Fun fact: Did you know that cheeseburgers were invented by a teenager?

In 1924, Lionel Sternberger, a 16-year-old fry cook at his father's restaurant, created the cheese-and-burger combo that has become so popular today!


Origins

Even though the hamburger gets its name from the German city of Hamburg, food historians actually don't think the sandwich originated from there. There are many stories about how the hamburger originated, some saying that it started as something called a "Hamburgh sausage", or that the sandwich was created on a passenger ship from Hamburg to New York. The earliest mention of this recipe was actually the "Hamburgh sausage" as describe above. That recipe was published by Hannah Glasse in 1758 in her book The Art of Cookery Made Plain and Easy. For centuries, the hamburger remained a classic street food dish, gaining popularity in the United States during fairs. Because of how simple the recipe is, it's super difficult to pinpoint the first place the burger came from – it was probably created in multiple places around the same time.

The Art of Cookery Made Plain and Easy by Hannah Glasse

First published in 1747, this was one of the most popular English cookbooks in history. It was a bestseller for a century. Inside, it had many novel recipes, and included the first mention of an early Hamburger recipe. Hannah Glasse was famed for her cookbook, making her one of the first celebrity chefs!


Ingredient Highlight


Cattle

Fun fact: Did you know that a cow's stomach is 250 times larger than its brain?

 

"My eyes were bigger than my stomach" is a saying that cows easily flip around! With a huge digestive system, they can eat through hard-to-digest foods like grass without effort. Their digestive system slowly breaks down their food and filters out indigestible objects. Cows also produce a lot of gas in the form of methane, which is released by the cows when they burp. Unfortunately, methane has a really high global warming potential, meaning that cows add a lot to climate change. Cows also require a lot of water to raise. This means that reducing the amount of beef we eat each year can help improve climate change.


Cheese

Paprika

Egg Noodles

Recipe

Ingredients (Serves 4)

  • 1 pound ground beef

  • 12 oz package of wide egg noodles

  • 1/2 cup red bell pepper (diced)

  • 1/2 cup onion (diced)

  • 1/2 cup tomatoes (diced)

  • 3 cloves garlic (minced)

  • 2 cups (16oz) cheddar cheese (shredded)

  • 4 cups (32oz) cup container of beef broth

  • 1/4 cup rice vinegar

  • 1 tbsp oil

  • 1 1/2 tbsp salt

  • 2 tsp black pepper

  • 1 1/2 tsp smoked paprika

  • 2 tsp onion powder

  • 1 tbsp parsley flakes

  • 2 tbsp mustard powder (can sub with 1 tbsp yellow mustard)

Instructions

  1. Get your ingredients ready

  2. Heat a medium sauce pot over medium-high heat, adding oil.

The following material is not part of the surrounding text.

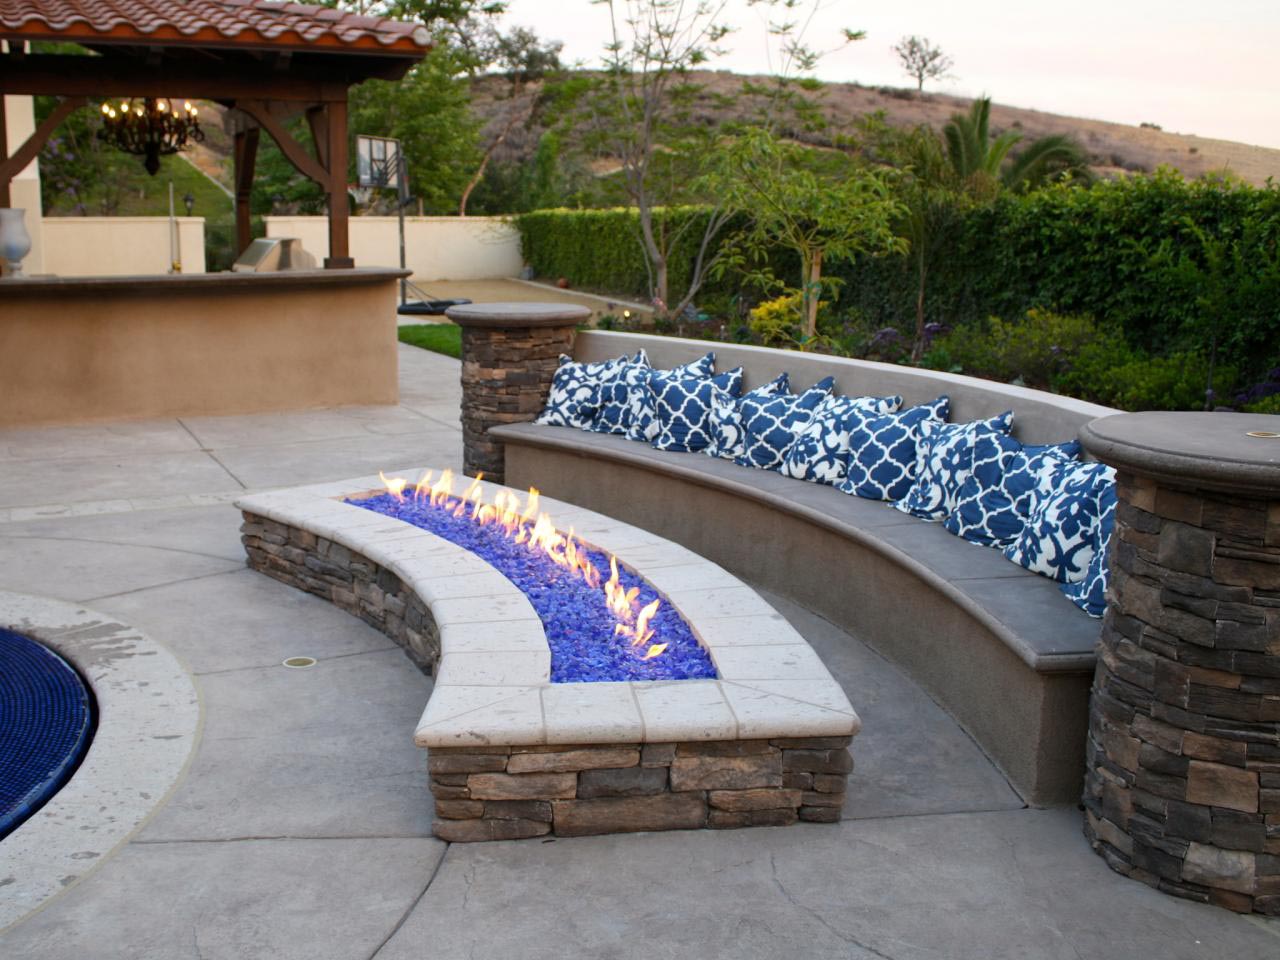 11 Super Cool Cozy Fire Pits Ideas To, Outdoor Fire Pit With Glass Rocks

  3. Add ground beef to your pot, leaving in large chunks. Flip the chunks until the outsides are browned, then break the chunks up fully and stir constantly until no pink remains.

  4. Add the peppers and onions and cook until they begin to soften

  5. Add all of the dry seasonings, stirring and cooking for 2 minutes

  6. Next, add the tomatoes, garlic, and beef broth. Make sure to scrape the bottom of the pan once you add the beef broth, there's tons of flavor there!

  7. Bring everything to a rapid boil

  8. Add the egg noodles and bring it down to a gentle boil

  9. Cook uncovered for 12-15 minutes, stirring occasionally

  10. When the noodles are tender and the broth has thickened, turn off the heat

  11. Stir in the cheddar cheese, serve and enjoy!